Magnano et al. [33] used a KF-HMM scheme which decreased error in the prediction process and achieved a prediction accuracy 90%. For fair comparison, the proposed PHO schemes and the existing ones are based on the random movement of the MS where the obtained results are reported in Table 3 and visually displayed in Fig 18.

Table 3. Prediction accuracy.

Prediction Schemes Prediction Accuracy Improvement ratio
Over existing Schemes
Bellavista, et al 2006 [20] 65% 34%
Becvar, 2009 [26] 45% 44%
Becvar, et al 2011 [28] 93% 6%
Sadiq, et al 2014 [31] 93% 6%
Magnano, et al 2016 [33] 90% 9%
Farooq 2017 [53] 90% 9%
Feltrin et al. 2018 [54] 90% 9%
Han et al. 2018 [55] 87% 12%
Proposed RSSI-based PHO 99% ------
Proposed Multi-criteria PHO 99% ------

Fig 18. Maximum prediction accuracy.

Fig 18

Goudarzi et al. [32] presented the IRBF–FFA prediction scheme which is based on a fixed route and a constant MS’ speed with a specific number of stations. Their scheme achieved an accuracy rate between 97% and 99%. Based on the same conditions, the proposed PHO schemes achieve an accuracy rate equal to 100%. It is observed that the proposed PHO schemes outperformed all existing schemes whatever the movement manner is random or fixed.

The throughput improved ratio is computed and compared to existing schemes, depending on MS’ random mobility manner and in a fixed MS’ speed. The comparison is introduced in Table 4.

Table 4. Results for random mobility and fixed speed.

Prediction Schemes Throughput Improved ratio
Wang et al. 2014 [6] 8.7%
Chen et al. 2014 [56] 11%
Tao et al. 2016 [57] 14%
Ahmad et al. 2018 [58] 14.9%
Proposed RSSI-based PHO 20%
Proposed Multi-criteria PHO 25%

Conclusion

Two novel vertical handover prediction schemes based on channel features are proposed in this paper.
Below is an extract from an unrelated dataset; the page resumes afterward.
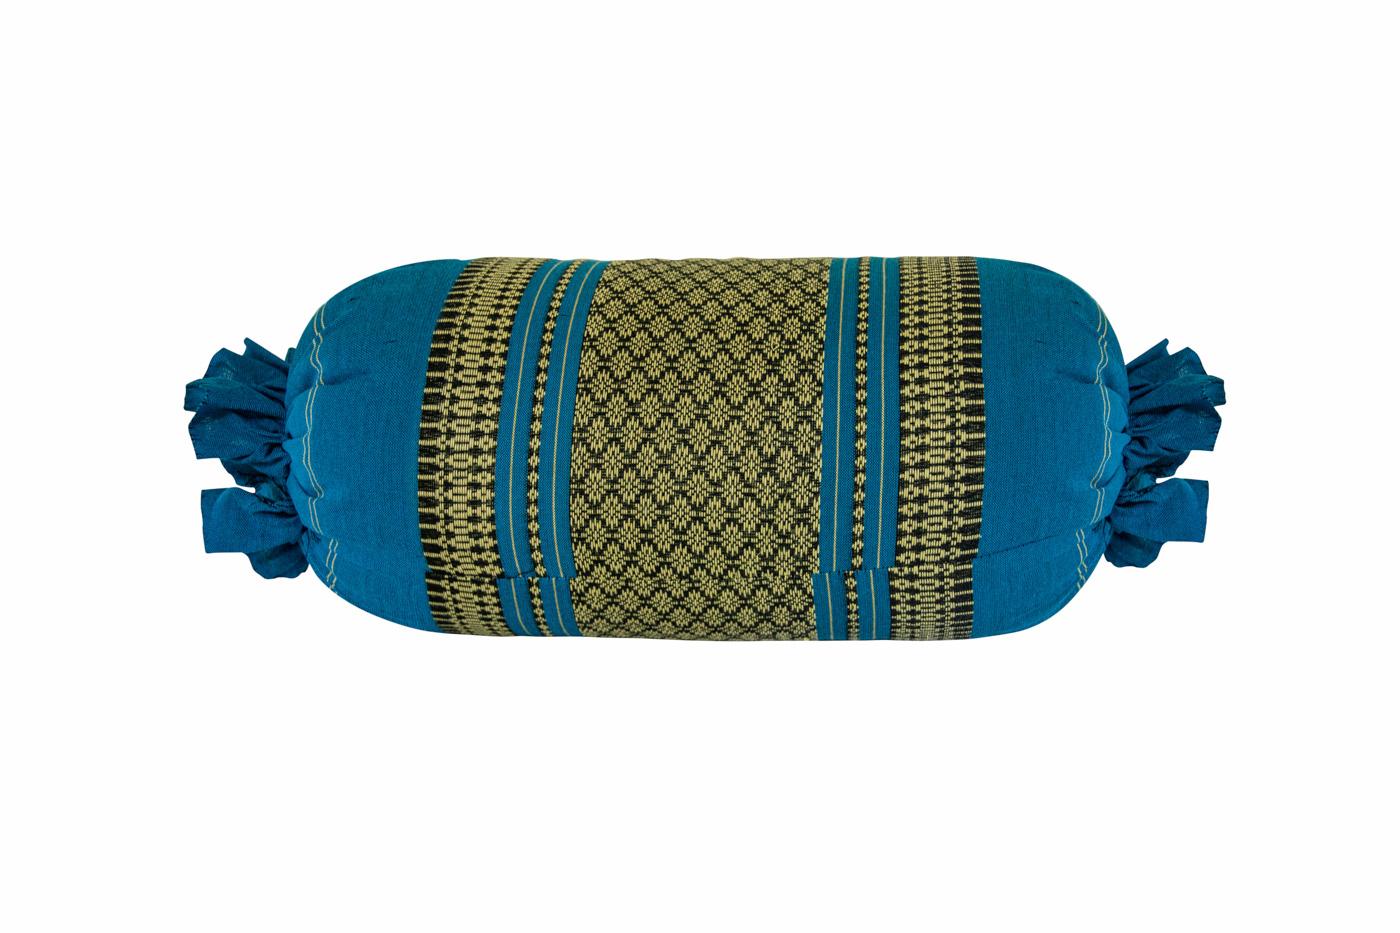 Cylindrical meditation cushion

The proposed PHO schemes are used with both heterogeneous as well as homogenous networks. Two new thresholds are defined and used in the proposed schemes to minimize the number of redundant handovers. The first proposed scheme is based on monitoring the RSSI values of all nearby stations. It achieves a prediction success with percentage 99% in the predefined surrounding areas using random MS’ movement manner. The second proposed prediction scheme is based on multi-criteria prediction and decision process. It used the SNR, the available bandwidth, the MS’ data rate and the RSSI values. It achieves a success rate 99% in the predefined simulation area.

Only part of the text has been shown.